# maxtor basics portable hard disk problem



## rohimirre (Aug 8, 2008)

hi just have a simple problem with my "maxtor basics portable hard disk" it has 320GB,,, and it has a 3 head usb cable,, one with a smaller size that goes to the hard disk, and the other two usb in the computer one has "data+ power" written on it and the other has "power" written on it,,, from the manual it said that i should insert those two usb ends to my computer,,

i did that and the led from the hard disk started blinking,, i waited until my computer recognized the hard disk, then a window appeared asking me to install something, i think it's about a driver,,, but i dont have a cd, and i dont know where to get it,,, the hard disk came without a cd, just the hard disk itself and the usb cables,,,

can anyone help me install that driver needed to make my maxtor basics portable hard disk work,,,

i have a windows xp sp2, video card: sapphire radeon 9200SE atlantis

thank you,,, good day,,


----------



## Rich-M (May 3, 2006)

Use only the main usb plug in a usb port, the second one is really more for use with an underpowered laptop and there should be no need of driver as they are native to XP.


----------



## rohimirre (Aug 8, 2008)

uhhmm i tried that, but the window still comes up, it still asks me to install a software for the usb device,,,

by the way, the usb cable that came along the hard disk was a 3 head usb, the 1st one has the "data+ power" thing written on it, then the cable extends in two parts (two separate cables) the other end was the other usb that has "power" written on it, and the other end of the separate cable has the smaller usb that connects to the hard disk,,, (just wanted to clear that)


----------



## rohimirre (Aug 8, 2008)

uhmm just a bump for my thread,, it's been some days now since i last posted here,, so i guess it's ok if i post another reply to make my thread go up the list,,, thank you,,

anyway, i still have the problem with my maxtor basics portable 320GB external hard disk,,


----------



## fairnooks (Oct 1, 2007)

When you cancel out of the message that appears can you then go to My Computer and does the drive show up? If no drive, right click on My Computer ICON (or in start menu) and choose Manage>>Storage>>Disk Management. Does the drive show up there?
If so right click on the drive and choose open or explore and if there's some sort of executable file already on the drive that's probably what is trying to install, usually some sort of backup program, which you may or may not want to install. There shouldn't be anything you NEED to install and you can just delete those files if you wish or format the drive and assign it a drive letter, which is a good protocol to follow after something has been shipped from a warehouse and bounced around a little.


----------



## Rich-M (May 3, 2006)

Have you checked the bios to see to it it is set for usb 2.0 and all usb ports are enabled?


----------



## drbali (May 6, 2007)

I bought a Maxtor Basics External drive earlier today in Bali (Indonesia). Got home, plugged the "Power and Data" USB cable in and it works fine.

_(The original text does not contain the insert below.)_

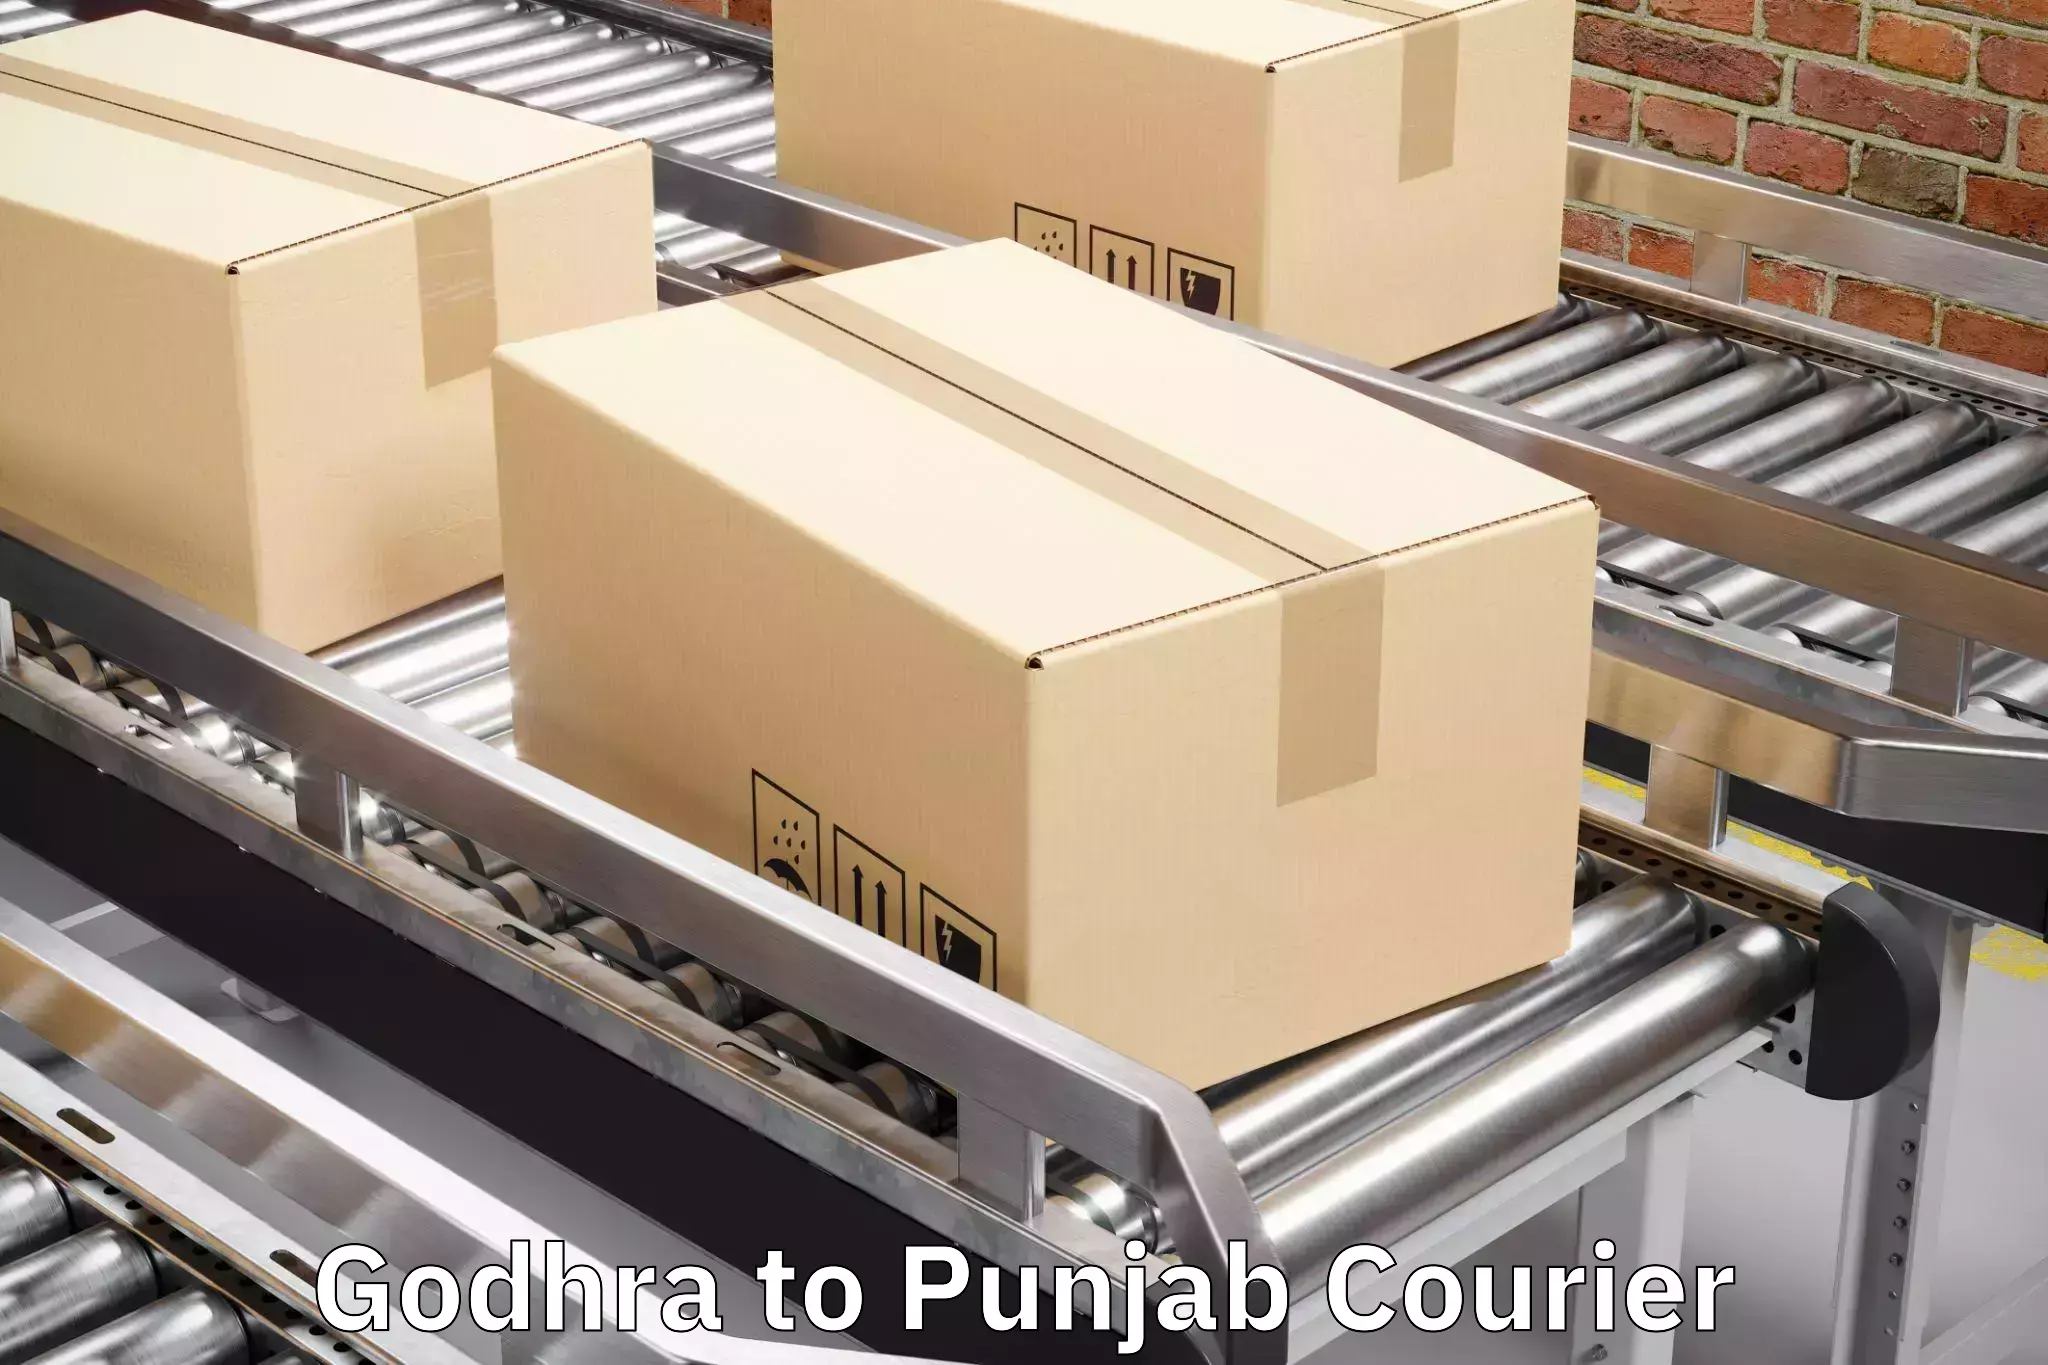 Luggage delivery optimization Godhra to Nawanshahr

Oh - my instructions said to plug the "Power and Data" cable in *first*, then the "Power" one (I guess, only if needed).

As *fairnooks* above said:
"_There shouldn't be anything you NEED to install._"

_Maybe_ your USB port is flaky - have you tried another one? Or check your BIOS that USB ports are enabled. Also, click the "Refresh" button in the "View" menu of Windows explorer.

My only "problem", so far with this drive and a bigger Seagate SATA I bought last week, is how to register them for warranty purposes.

If nothing works, it's possible your drive/cable is faulty to begin with. I hope not.

Good luck.


----------